Многие психологи полагают, что подобные случаи объясняются стремлением пациента при помощи литературных подвигов расквитаться со школьными товарищами, которых ему никак не удавалось перекричать, перещеголять, переплюнуть в драке, плавании, романах и во всем прочем. В приложении ко мне эта теория представляется отчасти верной, но только отчасти, ибо, не проявив в детские годы особых спортивных талантов, я, однако, отнюдь не был ни калекой, ни неженкой. Значит, дело было не только в моем желании взять реванш, но, вероятно, и в том, что мачеха, которая была, по сути дела, моей настоящей матерью (отец вторично женился, когда мне было всего шесть лет), читала мне гораздо больше книг, чем это обычно принято в провинции. А книг у отца было немало, и хотя он умалчивал об этом, но в действительности относился к ним с величайшим почтением, как и подобало человеку, который до поступления в медицинский колледж был учителем.

Так или иначе, с должным основанием или без оного, в одиннадцать лет меня одолел писательский зуд. Когда мне еще не было десяти, я уже регулярно выпускал газету, предназначенную для самого узкого круга читателей, какой только можно вообразить, — для самого себя. Помимо обычных виньеток, рубрики этой газеты были украшены портретами ее редактора. Пятнадцати лет, живя в Соук-Сентре, я во время каникул нанялся в «Геральд», где раскладывал шрифт по кассам, вертел рукоятку ручного печатного станка, писал заметки (которые неизменно заканчивались словами: «Все были довольны приятно проведенным временем») и за все эти многообразные труды не получал ни цента. К концу лета я заикнулся о прибавке, и меня тотчас уволили, резонно возразив, что я и того не стою. Все же этим летом (1899 или 1900 года) я был счастлив, ибо считал, что пробился в печать.

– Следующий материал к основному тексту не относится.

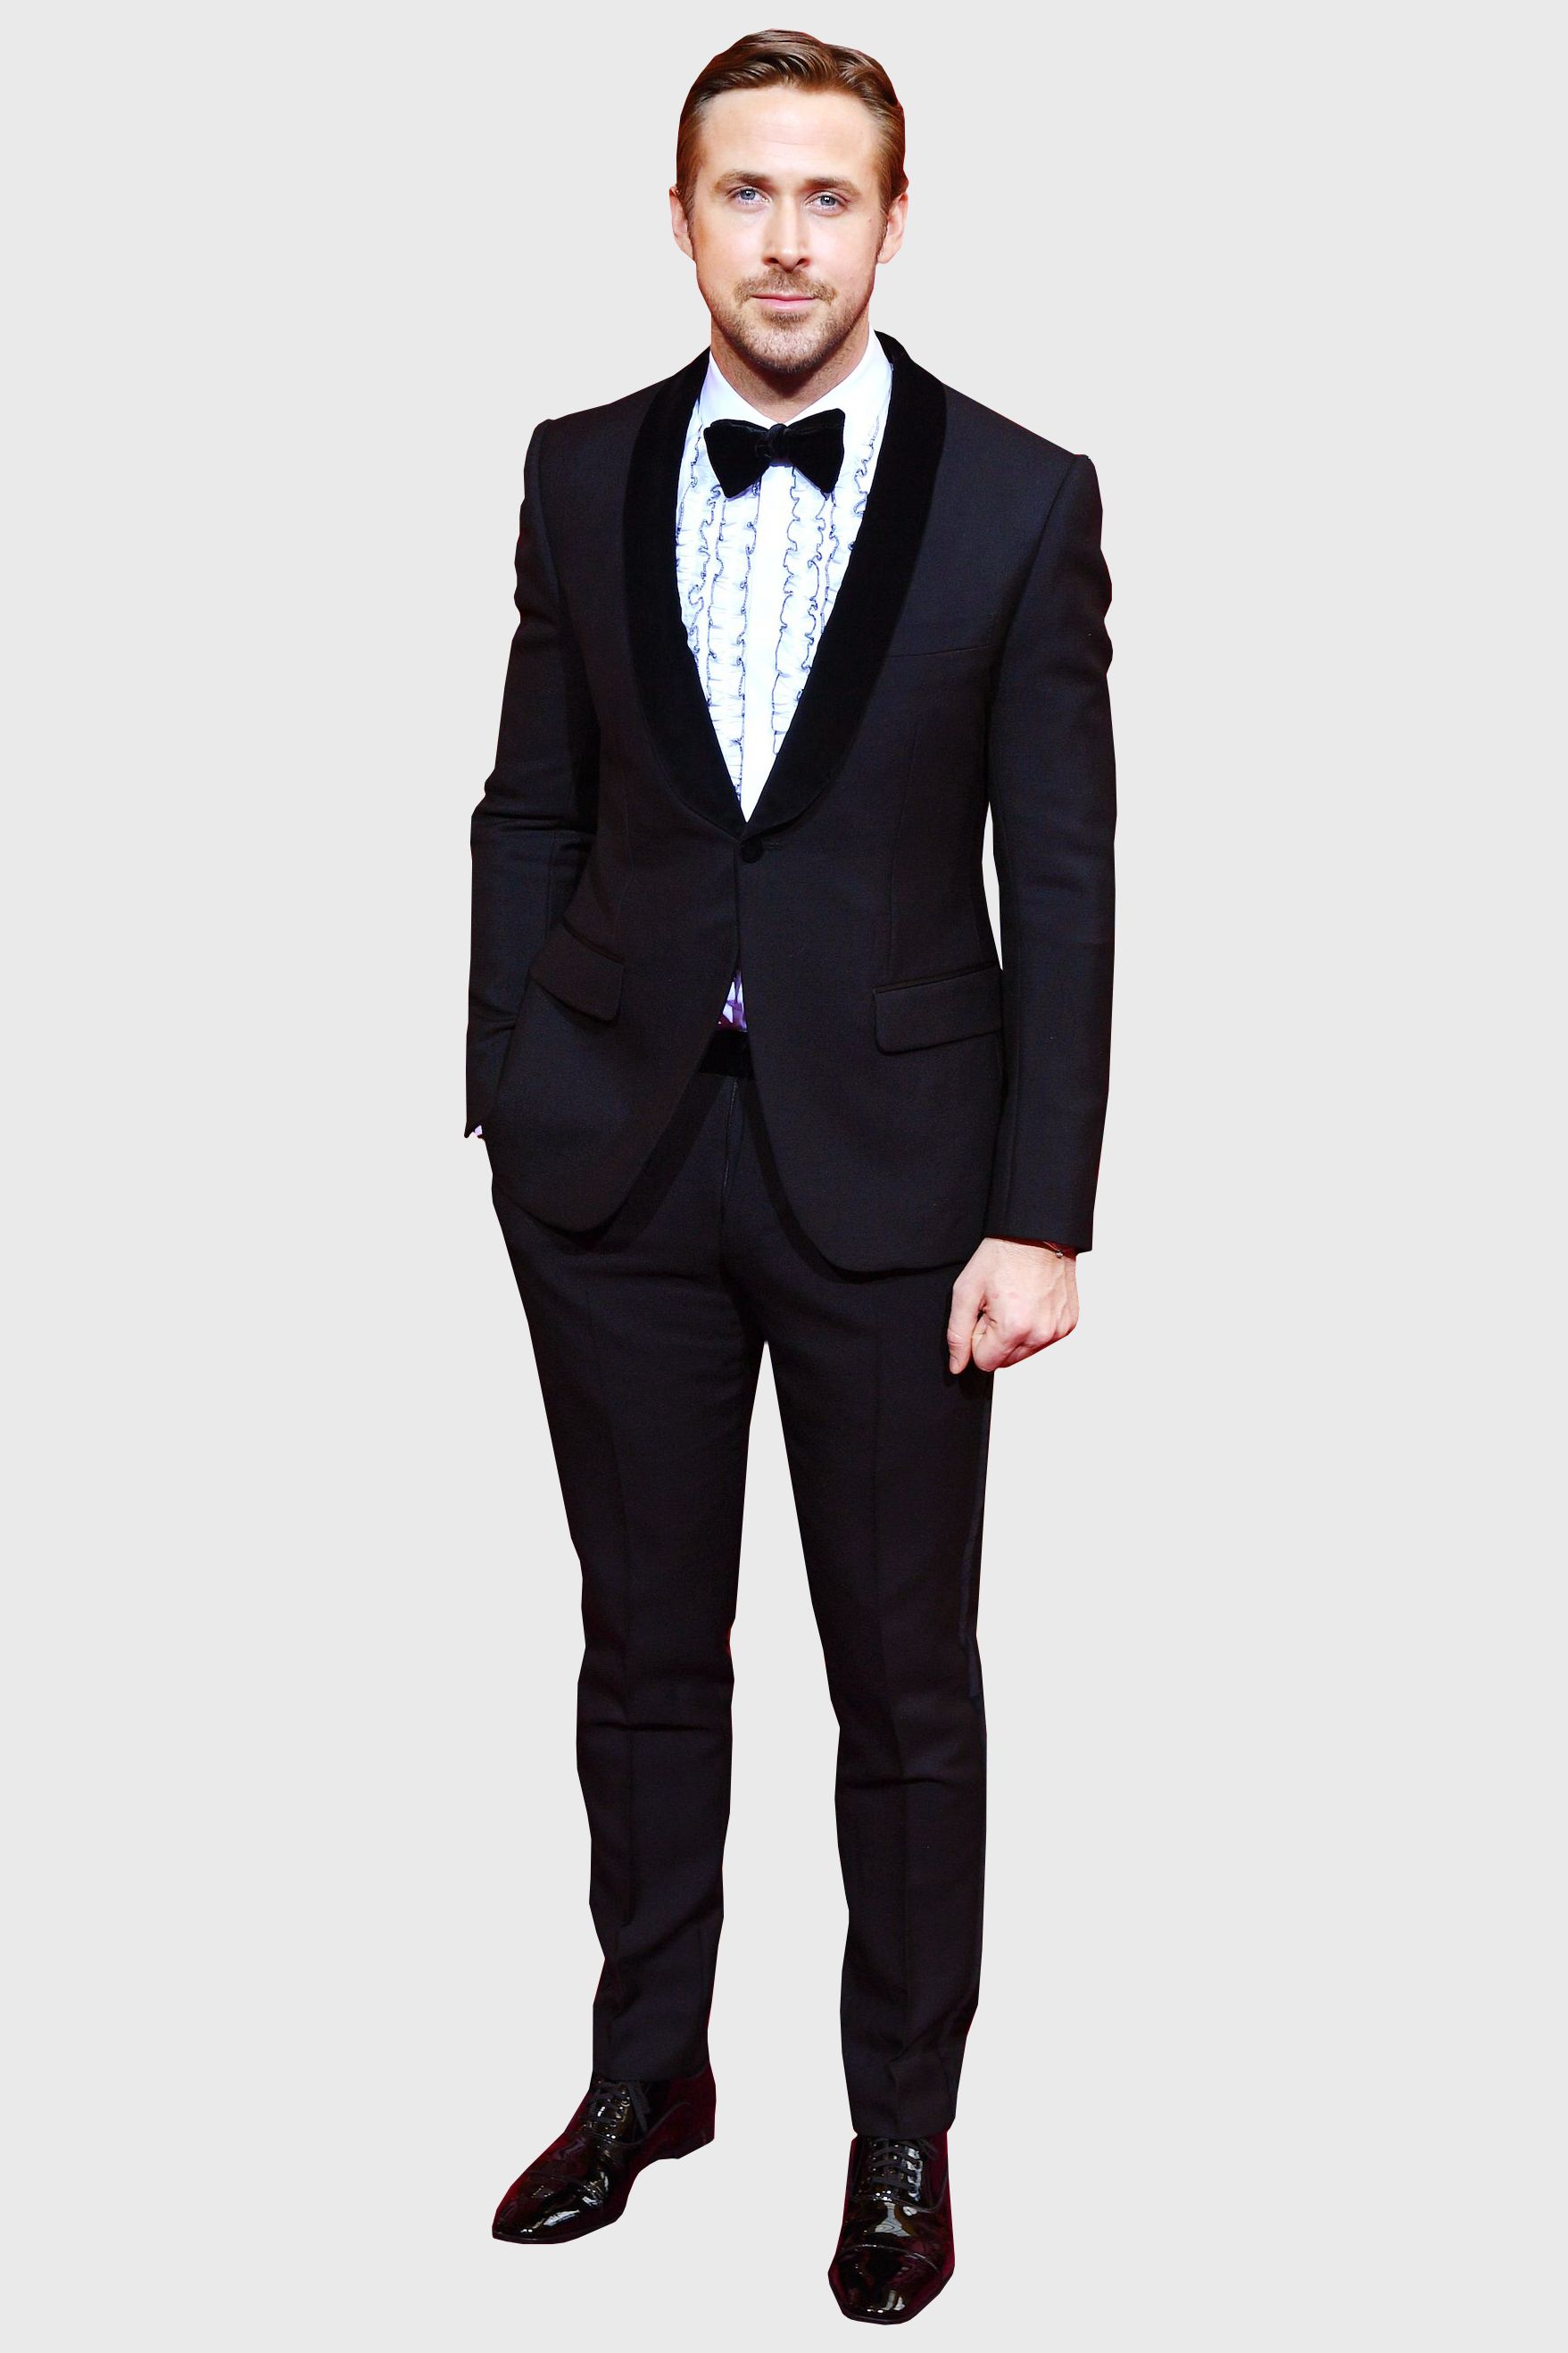 How to Wear a Blue Tuxedo  5 Simple Rules  Black Lapel

К тому времени, когда мне удалось поступить в Йель, зуд стал нестерпим. Я вкладывал в писание куда больше пыла, чем в любые науки и даже любой вид спорта: я забрасывал «Йельский литературный журнал» и «Йельские куранты» длинными поэмами на средневековые сюжеты, в которых говорилось о таинственных потрясающих женщинах, одетых в белую парчу (о боже!), рассказами о шведах из Миннесоты и даже лирическими стихотворениями на немецком языке, должно быть, ужасном. Добрая половина этих вещей удостоилась напечатания. «ИЛЖ» был журнал чопорный, почтенный, ученый, консервативный и для начинающего автора совершенно бесполезный, а вот непритязательные, легкомысленные «Куранты» принесли мне величайшую пользу. Кроме того, я посещал занятия по теории короткого рассказа, руководитель которых, ставший потом автором нескольких низкопробных романов, сумел бы, вероятно, погубить любое дарование, если бы сам был подаровитее.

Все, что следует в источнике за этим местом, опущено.